Master Service founder sells company to start criminal justice reform foundation

Master Service Companies owner Josh Smith has sold his company and will use the profits to create a foundation that will fund criminal justice reform initiatives. 

Its headquarters will remain in Knoxville, Smith said. 

“I have had 100% peace the whole time,” Smith said. “I tell you, I’ve gotten emotional multiple times through it, but it’s only because of the amount of money now that’s going into this foundation.”

Transforming criminal justice culture

Master Services’ Josh Smith chats with Office Support Specialist Cathy Benn on Aug. 26, 2019.

Smith’s yet-to-be-named foundation will invest millions of dollars in changing the culture of criminal justice from one of incarceration to transformation. 

“Right now, people going to prison, they don’t come out to society better, generally, they come out worse,” he said. “Because we have this incarceration penalty, make-them-pay mindset, right? Well, the problem is we’re literally hitting our own self with the stick that we’re trying to hit them with. Because now they’re getting back out, the recidivism rate is really high, and we’re not doing well by society by doing that.”

Smith endured abandonment and abuse in his childhood, was removed from his home at age 12 and was jailed for the first time at age 16. He quit school in 10th grade and at age 21 spent five years in a federal prison camp on drug-related charges.

After being released from prison more than 15 years ago, Smith began giving back by volunteering in prisons in the U.S. and in Costa Rica, Panama and Nicaragua. He founded the business in 2008.

In June 2019, he was named to Gov. Bill Lee’s Tennessee Criminal Justice Investment Task Force, created to address the criminal justice system, public safety and reentry. He also mentors a group of men who have served time in prison.

Smith hopes to fund training, workforce development and reentry programs through the foundation.

“How do we help someone return to society better than from when they were locked up,” Smith said, “so they can learn what ever it was about life that they didn’t learn before?”

More jobs in Knoxville

Master Service Companies on at 6226 Clinton Highway on Monday, August 26, 2019.
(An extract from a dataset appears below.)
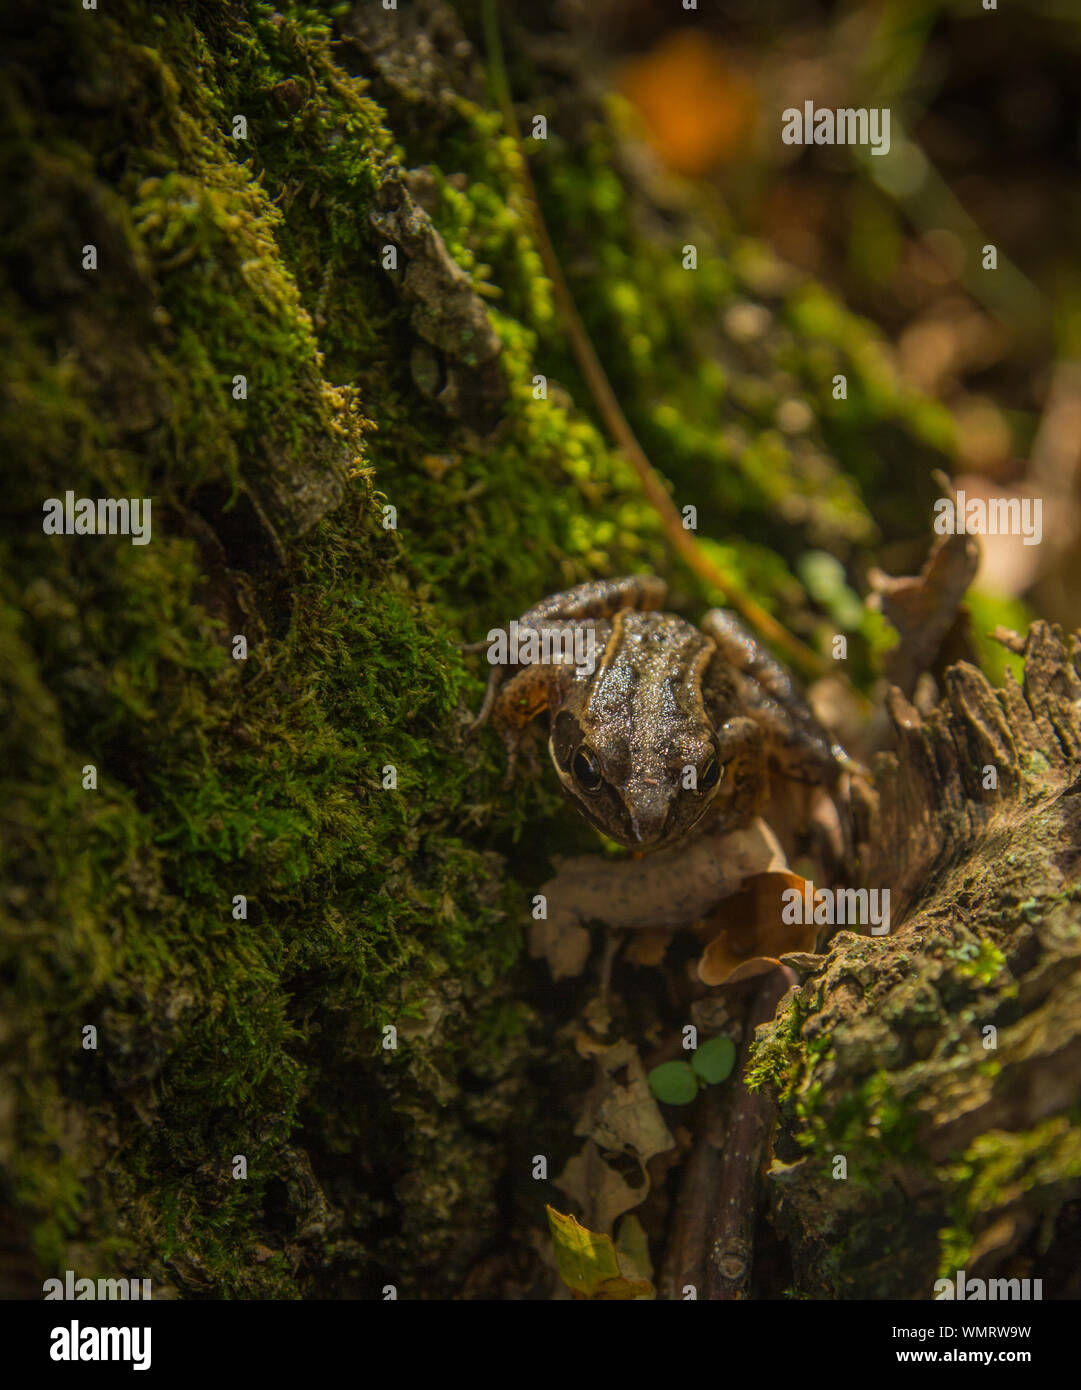 Frog on a moss covered old stump i Stock Photo

Founded in 1990, Contractor Nation is an international membership organization that offers training, entrepreneurship resources and patented equipment for contractors, including Master Service Companies.

The company employs more than 200 people and has 350 authorized dealers in the U.S. and Canada. 

“Master Service Companies has grown steadily year over year and has been able to develop training and operational processes that are among the most effective in our industry,” Janesky said in a press release.

Janesky said he plans to continue growing Master Service’s market share and hire more employees.

“When I reflect on the most important inspirations for helping me grow this company, I think of my first interaction with Larry Janesky and the team at Contractor Nation,” Smith said in a press release. “I had no business experience, only the desire to work hard and the willingness to follow a process. The training I received was instrumental in my ability to grow Master Service Companies, and I know Larry is the right person to take the company to the next level.”

Giving it all away

Master Service Companies receives their award for being a top small company workplace at the News Sentinel’s 2018 Top Work Places awards ceremony at the Foundry in World’s Fair Park Tuesday, June 19, 2018.

Smith said he was inspired by “Giving It All Away,” written by Hobby Lobby founder David Green, in which Green advocates for founders to commit to a salary and use business profits for philanthropic good. 

After reading it, Smith said he personally committed to a salary and a maximum net worth. 

“It captivated me,” Smith said. “I had never planned on being somewhere where I had this kind of money. Now that I’ve got my home and I’ve got other things, what else can I buy?”

For years, Smith shied away from sharing his personal story for fear it would hurt his business or his employees. 

“I’m going to be able to work in an area and use my voice in a way that I have not been able to before, because I didn’t feel like I could build my business doing that,” he said. “And now nobody can hold it against me.”